Findings and Reflection 

Going into this project, I had the same assumptions that Madeline and Tessa discussed when it came to stakeholders and other audiences who interact with the CCBC’s diversity data – as LGBTQ+ representation has grown within children’s and YA literature over the last few years, the racial breakdown of this work is more stagnant and still more glaring than some users may assume. My visualizations reflect this finding starkly, which gives them, as an organization, the means to both fundamentally justify this ongoing project and advocate for change across channels available to them and the users of their data. The sections of data that I have chosen to work with are simplified compared to the project as a whole, but the visualizations necessary for this information also require a level of simplification and easy access, so the average user does not have to sift through thousands of books over numerous years to understand these trends and issues in diverse children’s and YA representations. As Tessa said to me when we first spoke about the project, simple visuals are effective in a subject like this that has the emotional element of portraying marginalized experiences via distanced numbers and statistics – that huge gap between White LGBTQ+ characters and just about anyone else speaks volumes. 

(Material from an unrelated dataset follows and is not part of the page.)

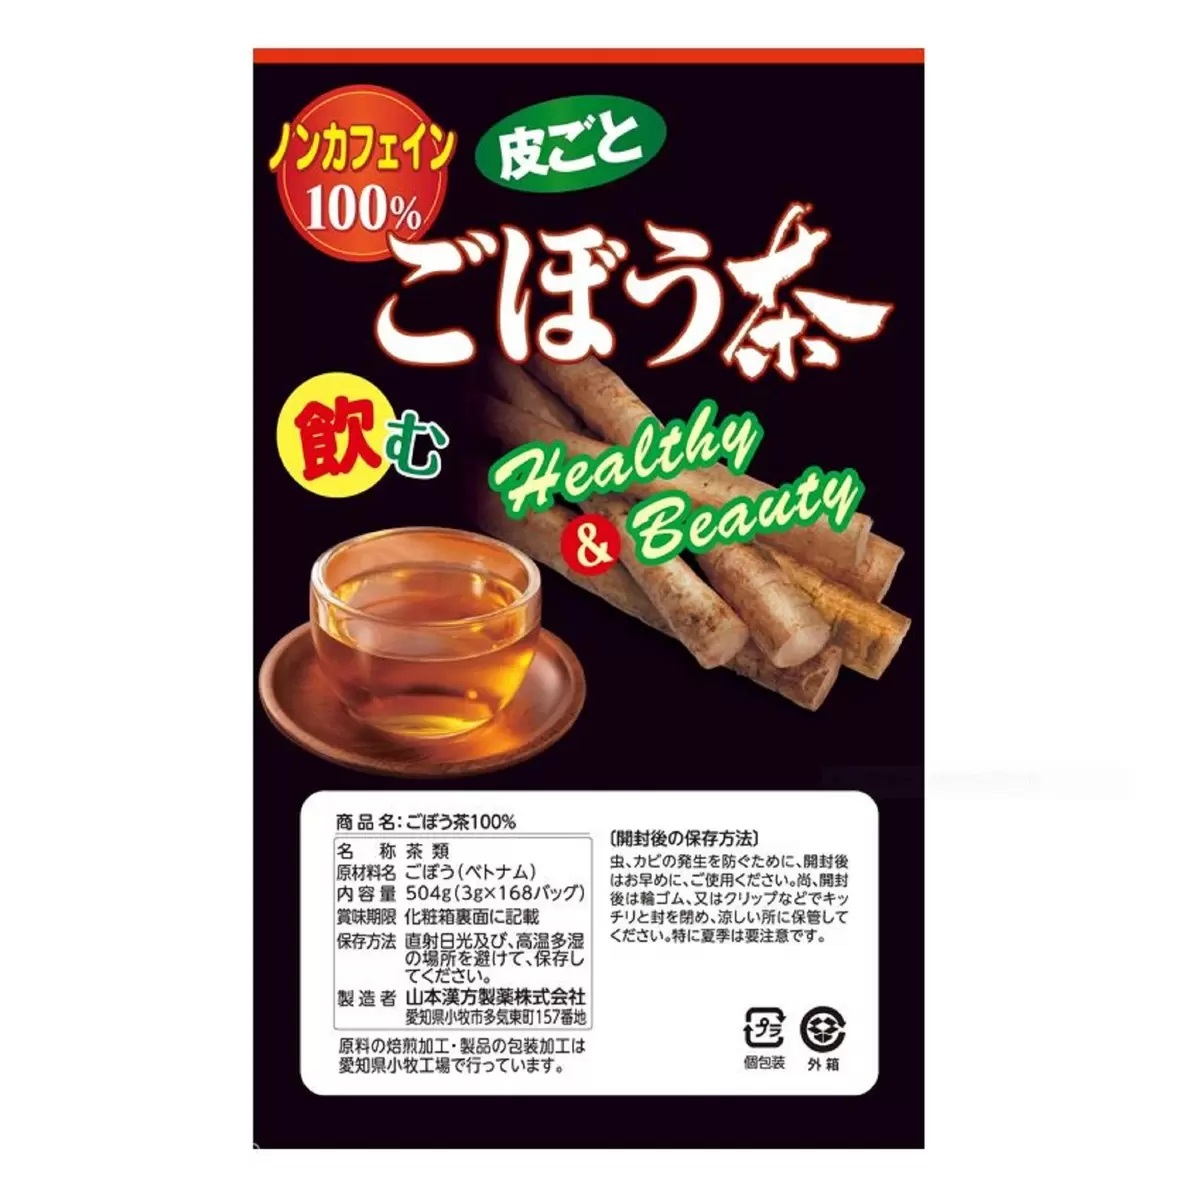 山本漢方 ごぼう茶 Healthy & Beauty 3g x 168 包 ノンカフェイン

Going forward, I see massive potential in finding different ways to portray both the macro and micro elements of this data. As Madeline pointed out, trying different formats for the first visual comparing all the racial categories within LGBTQ+ protagonists would likely be quite helpful, especially if a user experience process was included to see which visualizations are preferred by different users. In the process of writing a report on this data, other opportunities for more specific visualizations would likely become clear. Because there is so much available, the needs and interests of the user or audience would best guide these more specific visual works. When it came to my own work, I wish that there was more room and time to get more into a comparative track between the different categories, especially since my one product comparing the track of Gay and Trans/Nonbinary works had some of the least clear takeaways across racial groups. Regardless, the visualizations that have emerged from this project depict a scene of children’s and YA literature that still needs a significant push from all sides to do better by BIPOC LGBTQ+ representation, and it motivates me as a library professional to advocate for the same across other disciplines in the tradition that the CCBC has been championing since the project’s inception.


2022. Data on books by and about Black, Indigenous and People of Color compiled by the Cooperative Children’s Book Center (CCBC), School of Education, University of Wisconsin-Madison, based on its work analyzing the content of books published for children and teens received by the CCBC annually. [Data set.] CCBC. Accessed: 7 December 2022.